Budget 2019 states that the policy rationale for the preferential tax treatment of employee stock options is to support “younger and growing Canadian businesses” and not to provide a “tax-preferred method of compensation for executives of large, mature companies”.

Accordingly, Budget 2019 proposes an annual cap of $200,000 per employee on employee stock option grants, based on the value of the shares at the time the option is granted, that will qualify for the current preferential tax treatment (i.e. the one-half deduction of the employment benefit).

The proposed annual cap will only apply to “large, long-established, mature firms” and not to “start-ups and rapidly growing Canadian businesses”.

Budget 2019 does not provide any draft legislation to implement this proposal and accordingly one of the key issues will be how “large, long-established, mature firms” and “start-ups and rapidly growing Canadian businesses” will be defined.

Budget 2019 states that draft legislation to implement this proposal will be announced “before the summer of 2019” and that any changes will only apply to employee stock options granted after this announcement.

Accordingly, for companies that may be affected by this proposal, consideration could be given to granting employee stock options before the announcement of the legislative proposals in the summer of 2019.

Enhanced first-year CCA rate for zero-emission vehicles

Businesses are permitted under the Income Tax Act (Canada) (“Tax Act”) to deduct the cost of depreciable property over a period of several years due to such property wearing out or becoming obsolete. Motor vehicles are ordinarily eligible for a deduction for capital cost allowance (“CCA”) at rates varying from 30 to 45% per year on a declining balance basis. Budget 2019 proposes an enhanced first-year CCA rate of 100% for qualifying zero-emission vehicles.

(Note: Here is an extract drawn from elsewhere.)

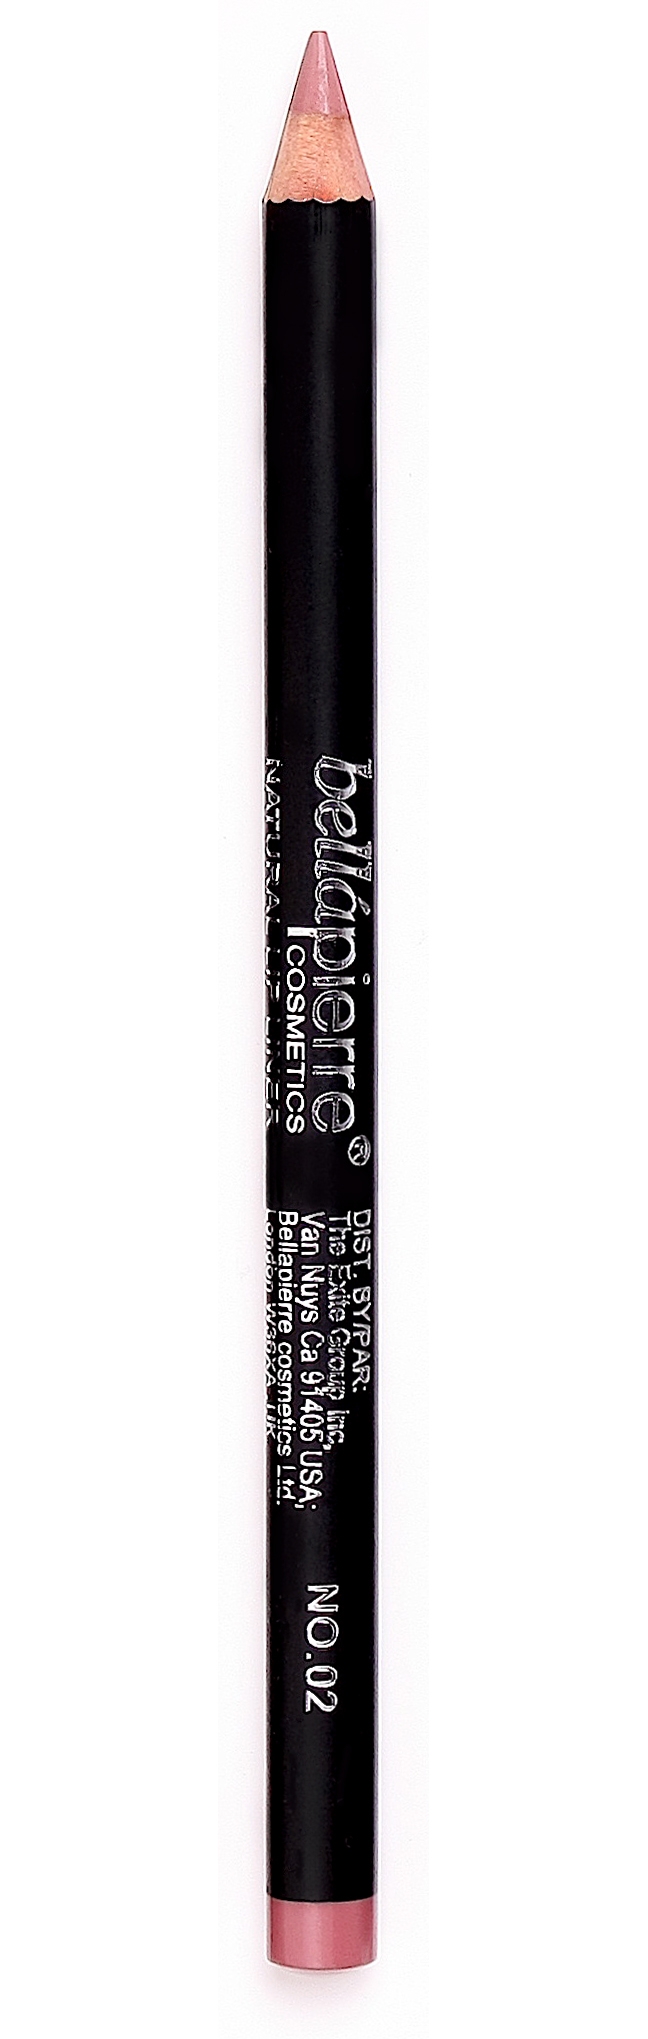 Bellapierre lip liner pencil 02 Nude

To do so, Budget 2019 proposes to create two new CCA classes:

  • Class 54 for zero-emission vehicles that otherwise would be included in Class 10 or 10.1 (i.e. passenger vehicles); and
  • Class 55 for zero-emission vehicles that otherwise would be included in Class 16 (i.e. taxi cabs, vehicles acquired for short-term renting or leasing, and heavy trucks and tractors).

For passenger vehicles, there will be a limit of $55,000 plus sales tax on the amount of CCA deductible in respect of each vehicle, which is much higher than the limit of $30,000 that currently applies to motor passenger vehicles, in order to offset the higher initial cost of zero-emission vehicles.

A vehicle must meet the following conditions in order to be a qualifying zero-emission vehicle:

  • it must be a motor vehicle as defined in the Tax Act;
  • it must otherwise be included in Class 10, 10.1, or 16;
  • it must be fully electric, a plug-in hybrid with a battery capacity of at least 15kWh, or fully powered by hydrogen; and
  • it must not have been used, or acquired for use, for any purpose before it is acquired by the taxpayer.

Finally, Budget 2019 includes amendments to increase the amount of GST/HST that businesses may recover with respect to qualifying zero-emission vehicles.

This proposal will apply to qualifying zero-emission vehicles acquired on or after Budget Day and that become available for use prior to 2028, subject to a phase-out for vehicles that become available for use after 2023.

The first year enhanced CCA rate is not available for zero-emission vehicles in respect of which assistance is received under the new federal purchase incentive program announced in Budget 2019. The details of this new incentive program have not been released but it is expected to include subsidies of up to $5,000 for vehicles costing $45,000 or less.

Changes to mutual fund trust rules

Many mutual fund trusts use the “allocation to redeemers methodology” to prevent the double taxation that can occur when a unitholder redeems its units and the mutual fund trust disposes of its investments to fund the redemption price. Under this methodology, the mutual fund trust can allocate the capital gain resulting from the disposition of its investments to the redeeming unitholder and claim a corresponding deduction. The allocated capital gain is included in the redeeming unitholder’s income but the unitholder’s redemption proceeds from the disposition of its units are reduced by a corresponding amount.

Budget 2019 states that certain mutual fund trusts have been using this methodology to allocate capital gains to redeeming unitholders in excess of the capital gains that the unitholder would have realized on the disposition of its units.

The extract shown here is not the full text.